NOTE: This notebook and subsequent notebooks will serve as a guide on how to clean and refine large datasets, conduct spatial analysis in PostGIS as well as python, standardize variables of interest, and present final data findings in interactive and aesthetic maps.
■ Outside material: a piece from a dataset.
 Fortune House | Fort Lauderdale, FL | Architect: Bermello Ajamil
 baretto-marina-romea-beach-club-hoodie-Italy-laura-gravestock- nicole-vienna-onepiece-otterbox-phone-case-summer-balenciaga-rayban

contact:Steven.Nacinovich27@myhunter.cuny.edu 

## Part 1: Cleaning our Collisions and pedestrian data-sets

 Data retrieved from:
 https://data.cityofnewyork.us/Public-Safety/Motor-Vehicle-Collisions-Crashes/h9gi-nx95 
 &
 https://data.cityofnewyork.us/Public-Safety/Motor-Vehicle-Collisions-Person/f55k-p6yu
    
Collision crash table contains information from all police reported motor vehicle collisions since 2014, when Vision Zero was first created. The police report is required to be filled out when someone is injured, killed, or there is more than $1,000 dollars in reported damages. There are 1.68 million records in total.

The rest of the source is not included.